# 2019 season wrap up



## lcjaynes (Jul 25, 2014)

Yes, me again.

Last year I posted an article (including comments from some of you) regarding how the 2018 hay season had gone. It was one of our most-read articles for the year (Progressive Forage). Mind if I ask you a couple questions about this hay season, to use in another article? Let me know here IF YOU DO NOT want it used. I'll respect that.

1. Several seasons of difficult weather have some producers talking about not planting alfalfa anymore. If you grow alfalfa, are you planning to continue? If not, why not?

2. What changes will you make to your operation based on this year's haying experiences?

3. Will your hay acreage next year increase, decrease or stay the same?

And you know, any other old thing you want to share. But keep it clean ... or I just have to edit it out anyway. 

Thank you for generous support.

Lynn


----------



## stack em up (Mar 7, 2013)

1. I'll plant a little more alfalfa, for my own use. Not selling anymore, no market left in the area unfortunately.

2. Baleage is becoming my go-to choice. With the Minnesota Monsoon Season lasting almost as long as Minnesota Winter and Minnesota Road Construction season, it's the only way I can make quality feed.

3. Hay acreage will increase some, to cover the increase in my sheep flock.

With 2019 being a virtual repeat of 2018 and 2017 more or less, there are a quite a few farmers hanging up the shovel. Tired of fighting weather, markets, the bank. Some guys at that age why burn thru equity just for something to do? Can't blame them one bit. I'm grumpy tonight, sorry Lynn


----------



## Gearclash (Nov 25, 2010)

Well, 2019 was an interesting year for sure. The biggest hurdle seemed to be the persistently high humidity levels. I am convinced that unless our climate changes, trying to make dry alfalfa hay in the middle of summer is a fool's errand. I'm sure my brother will continue to keep the same alfalfa acres, but he chops 3 cuttings of 4 for silage anyway. We did try some baleage this year, it will be interesting to see how that turns out when the time comes to feed it.

One new thing in my arsenal of tricks is raking 2 windrows on one twice. We started raking 2 windrows on one a day before we think alfalfa will be fit to bale dry, then rake two on one again the next day. This accomplishes two things: it gets the orginal swath off the wet dirt a day sooner, and it gets us fewer larger windrows which significantly decreases time spent baling.


----------



## swmnhay (Jun 13, 2008)

I expanded some because I have the demand for it and had prevent plant acres available to seed this summer.

Added a Tedder to the arsenal to aid drying.Quite a few others did also in area this yr.Tedders were far and few between around here before.

A lot more adding Preservative or innoculant when baling

More guys wrapping baleage in area.Not only dairy but for stock cows and sheep.
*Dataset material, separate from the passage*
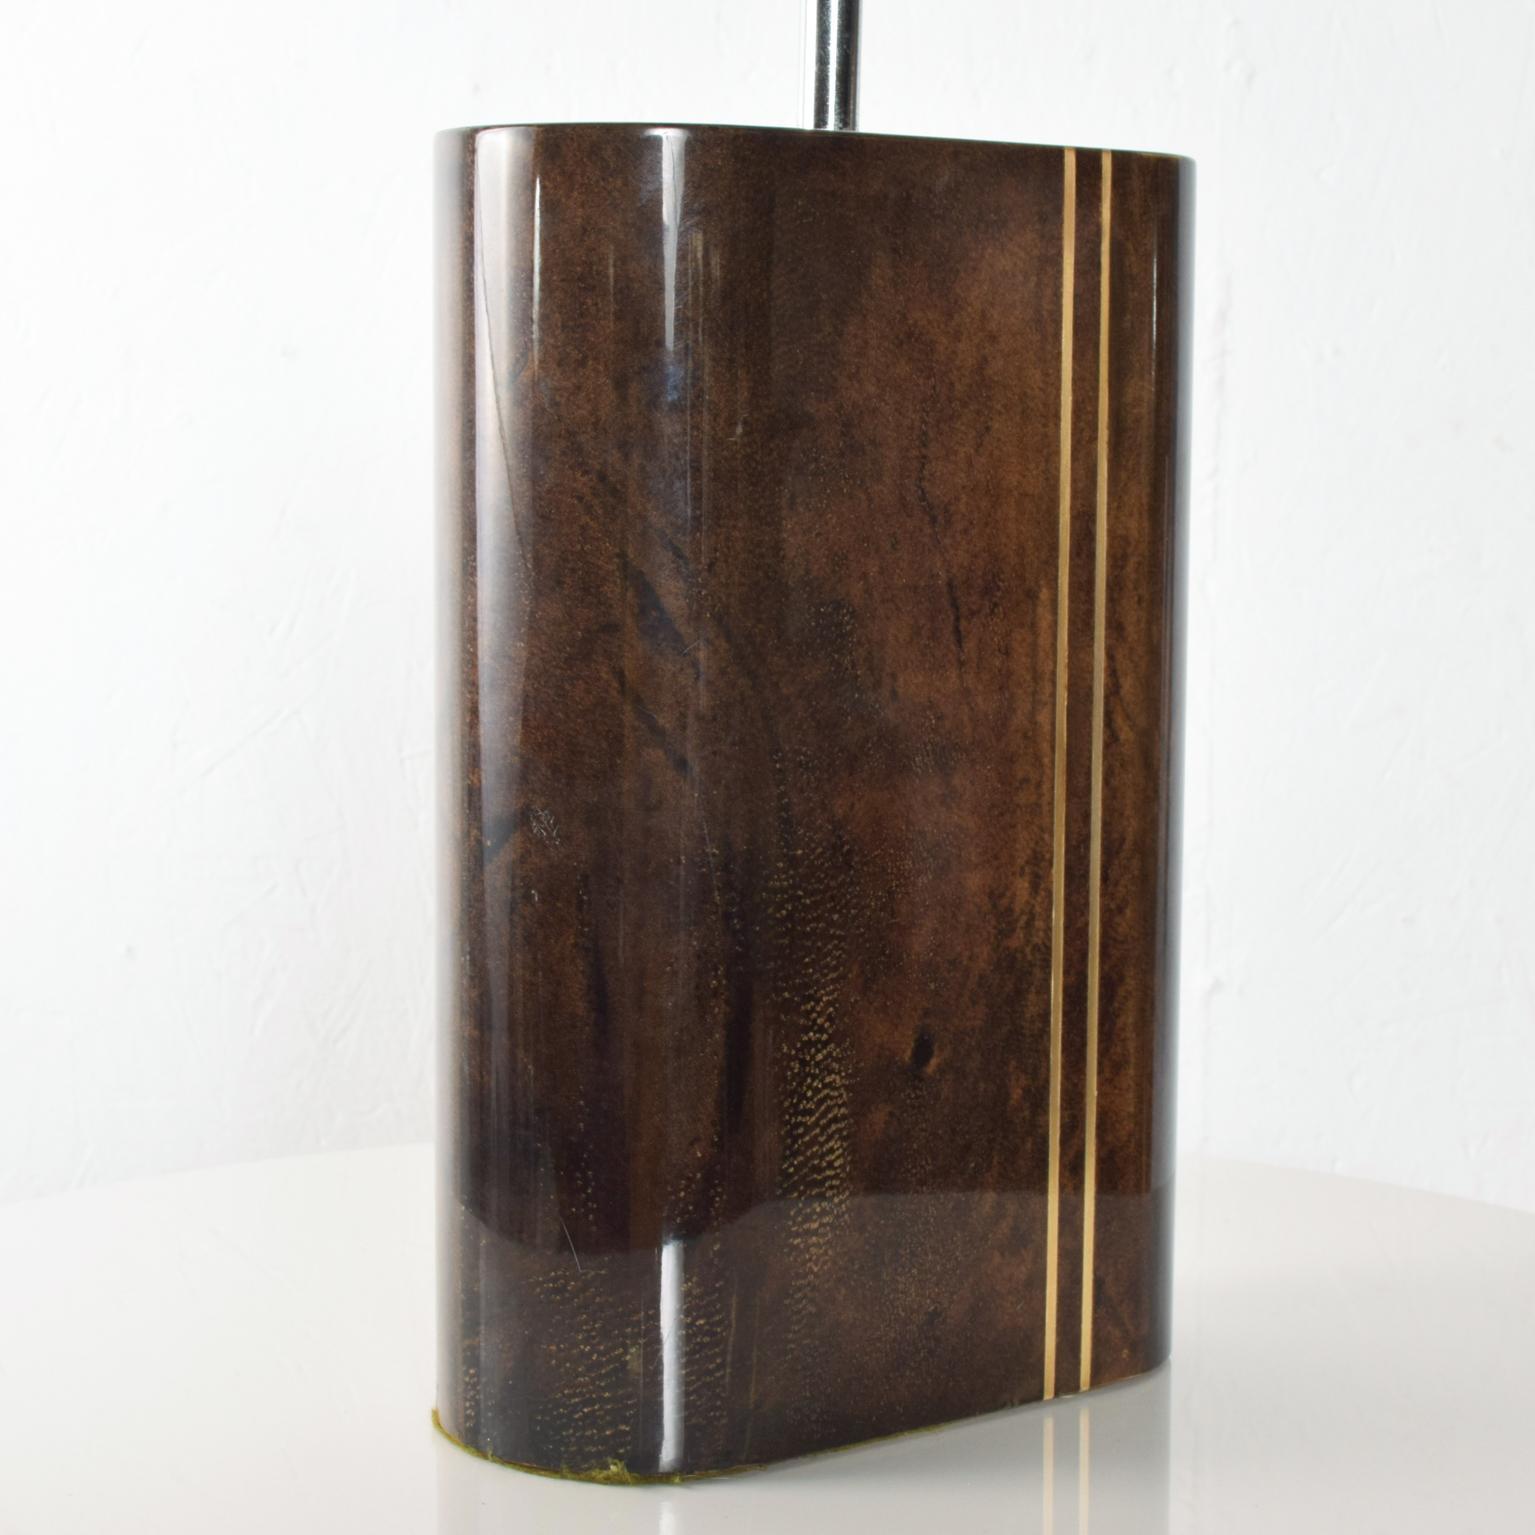 For your consideration a beautiful in near mint condition table lamp with an oval shape. Wood covered in goatskin brown tone with two metal inserts and high gloss polyester finish. Chrome-plated hardware. The lamp has been tested and currently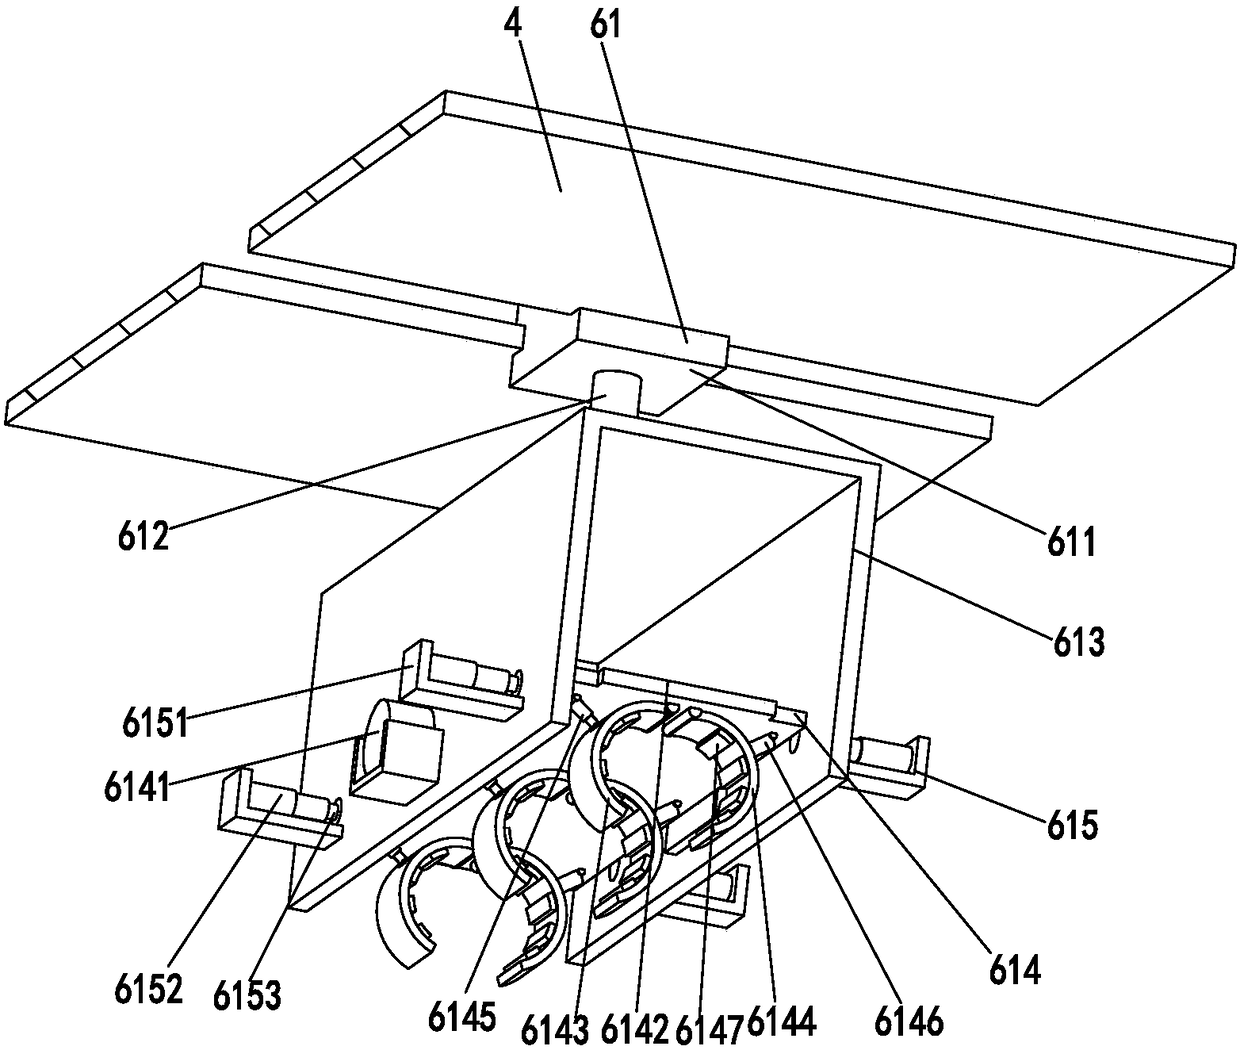 Automatic installation device for architectural engineering

I added more grass to my Alf/ grass mix to aid in drying.


----------



## endrow (Dec 15, 2011)

stack em up said:


> 1. I'll plant a little more alfalfa, for my own use. Not selling anymore, no market left in the area unfortunately.


 I always try to look ahead ! When you say in the area you mean how local ? And so you are saying there was a market but now there is not ; What happened to the market ? what changed ? Why did it change?


----------



## IH 1586 (Oct 16, 2014)

1. No Alfalfa here.

2.Purchased a sprayer this year and started a spraying program. With these late starts for dry hay and lack of rotations some of the fields are getting on the weedy side. We need to stand out from everybody else that thinks they can bale anything that grows.

Due to the late start this year we ended up baling 1st cutting in Sept. both small squares and baleage. Kind of a trial with the baleage, hope it turns out. The squares, wish we had more of them but due to all the weeds just needed to get it off. More acres may be left til later due to my next remark.

3. Our hay acres are increasing greatly over the next couple years. We took control of a 50 acre block that we are in the process of rejuvenating. 6 acres are reseeded now with 20 getting done next spring. 2021 we are getting back an additional 80 acres. This year we were at 180 acres, next year we will be at approx 230 ares.

We went almost a full year with zero work and no hay sales. August 2018 - July 2019 just wet. However was really impressed with how July 2019 - October 2019 went. 90 % of the fields we took 2nd off of, 30% took off 3rd, and 10% 4th.


----------



## stack em up (Mar 7, 2013)

endrow said:


> I always try to look ahead ! When you say in the area you mean how local ? And so you are saying there was a market but now there is not ; What happened to the market ? what changed ? Why did it change?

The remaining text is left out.